▶ Task brief
Find the line below with "porsche 914 wiring" and the line with "ABD'de kamyon şoförü". Output them and the lines between, exactly, but not the pictures.

(Dataset extract)

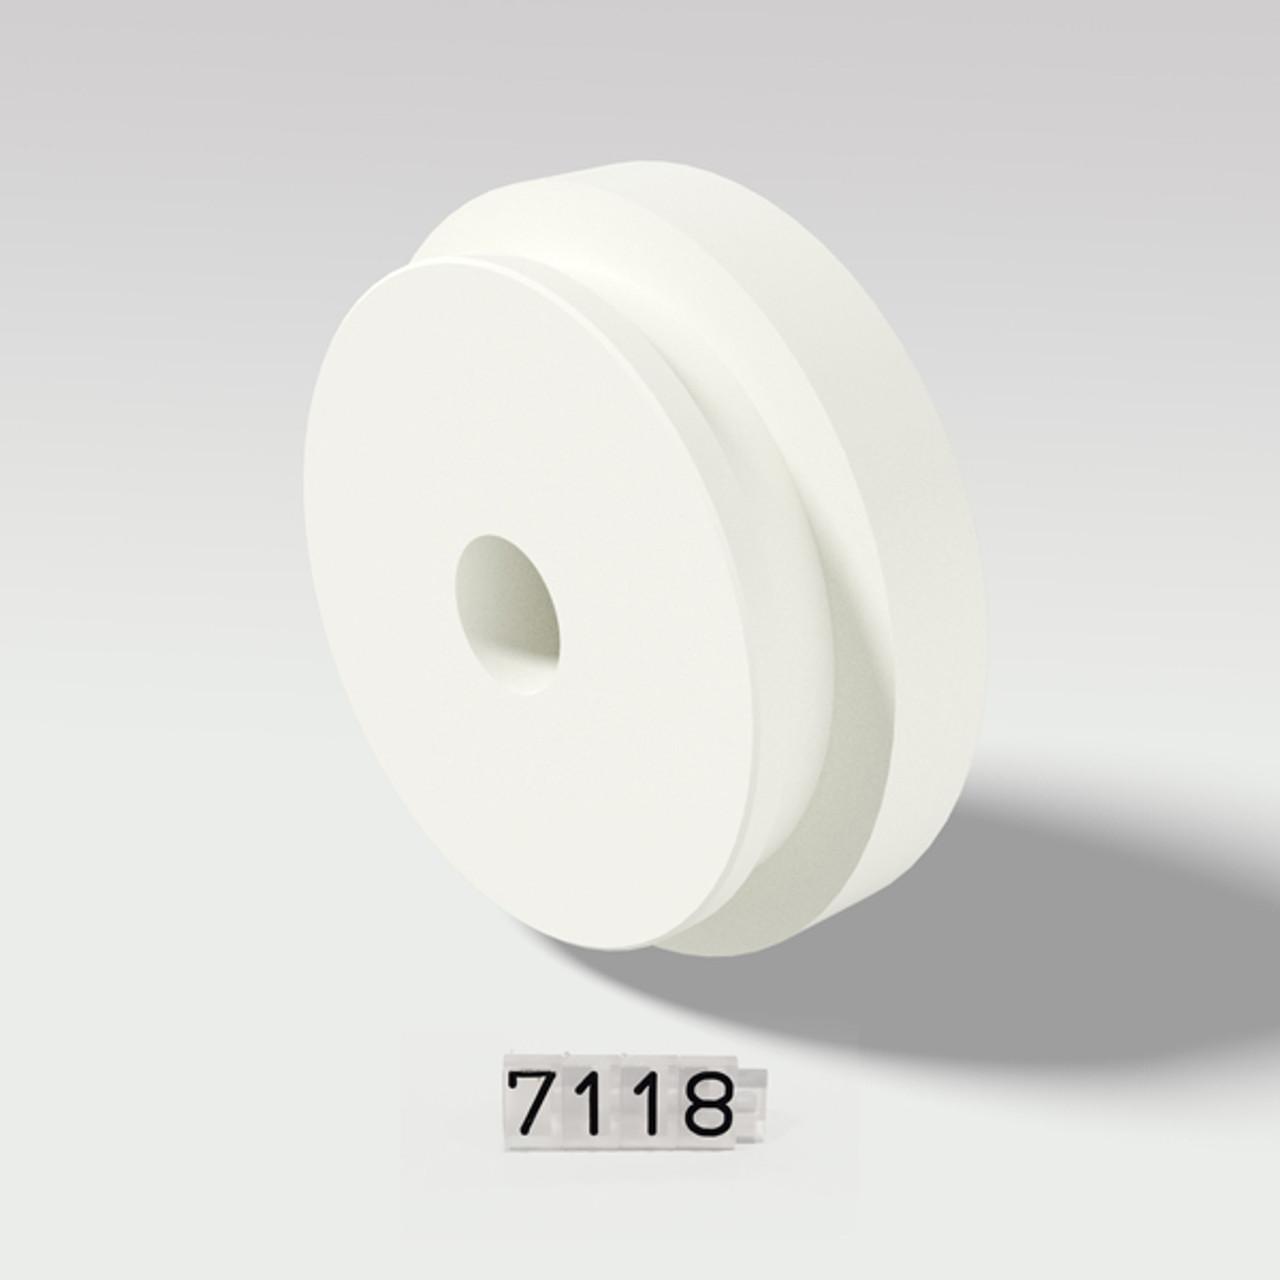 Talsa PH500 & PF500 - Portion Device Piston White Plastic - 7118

(End Dataset extract)
(Dataset extract)

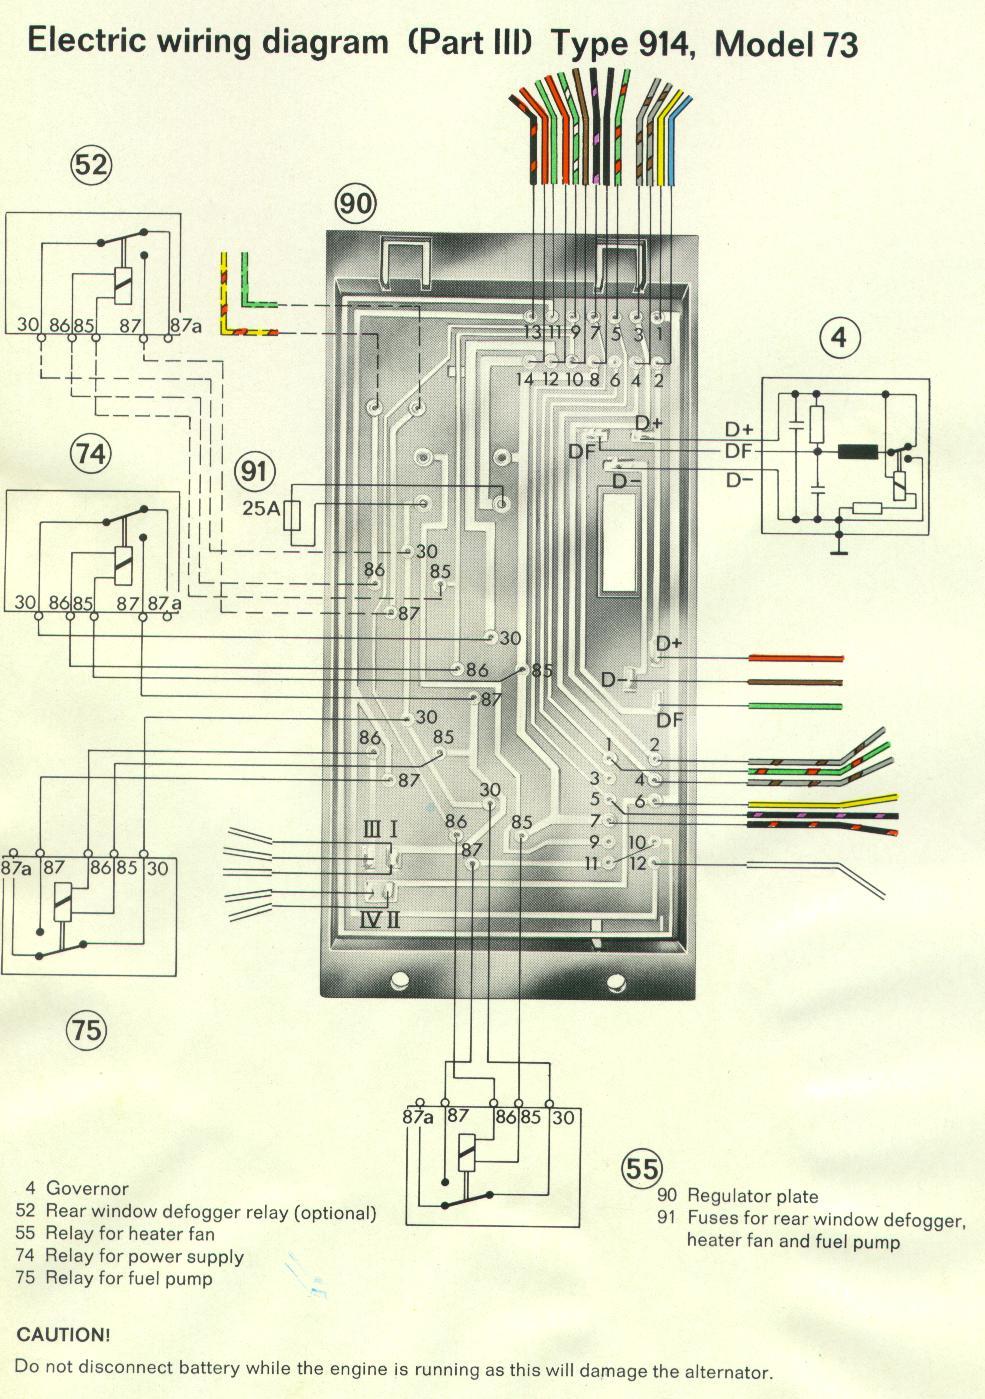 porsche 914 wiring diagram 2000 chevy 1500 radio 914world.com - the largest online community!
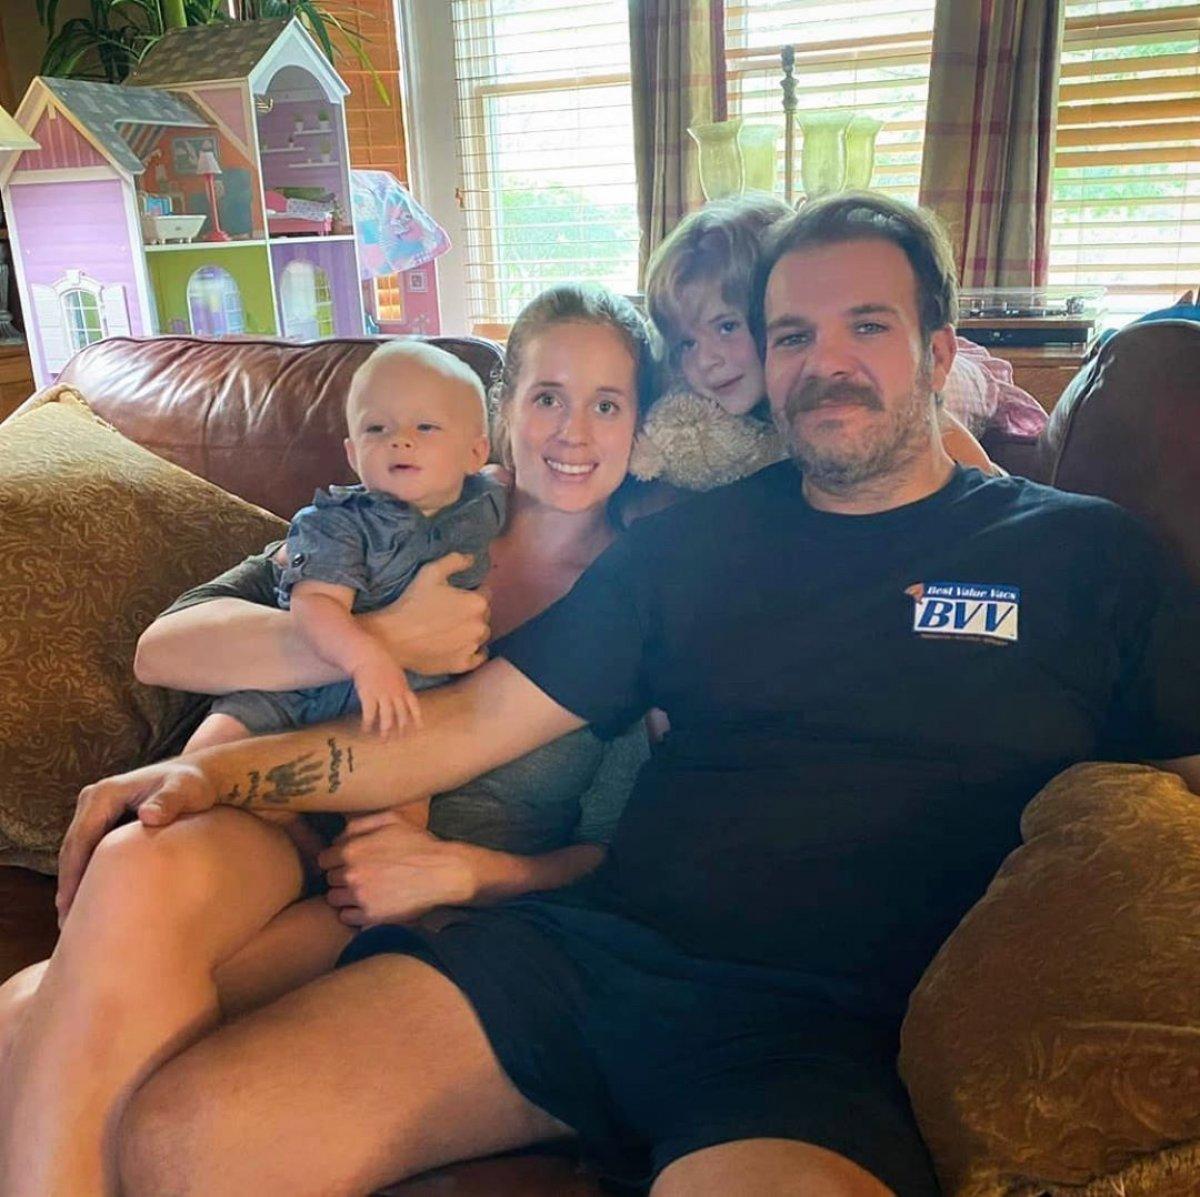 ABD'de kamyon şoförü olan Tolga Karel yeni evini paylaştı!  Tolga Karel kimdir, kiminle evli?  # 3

(End Dataset extract)

▶ Result of this exercise
 porsche 914 wiring diagram 2000 chevy 1500 radio 914world.com - the largest online community!
 ABD'de kamyon şoförü olan Tolga Karel yeni evini paylaştı!  Tolga Karel kimdir, kiminle evli?  # 3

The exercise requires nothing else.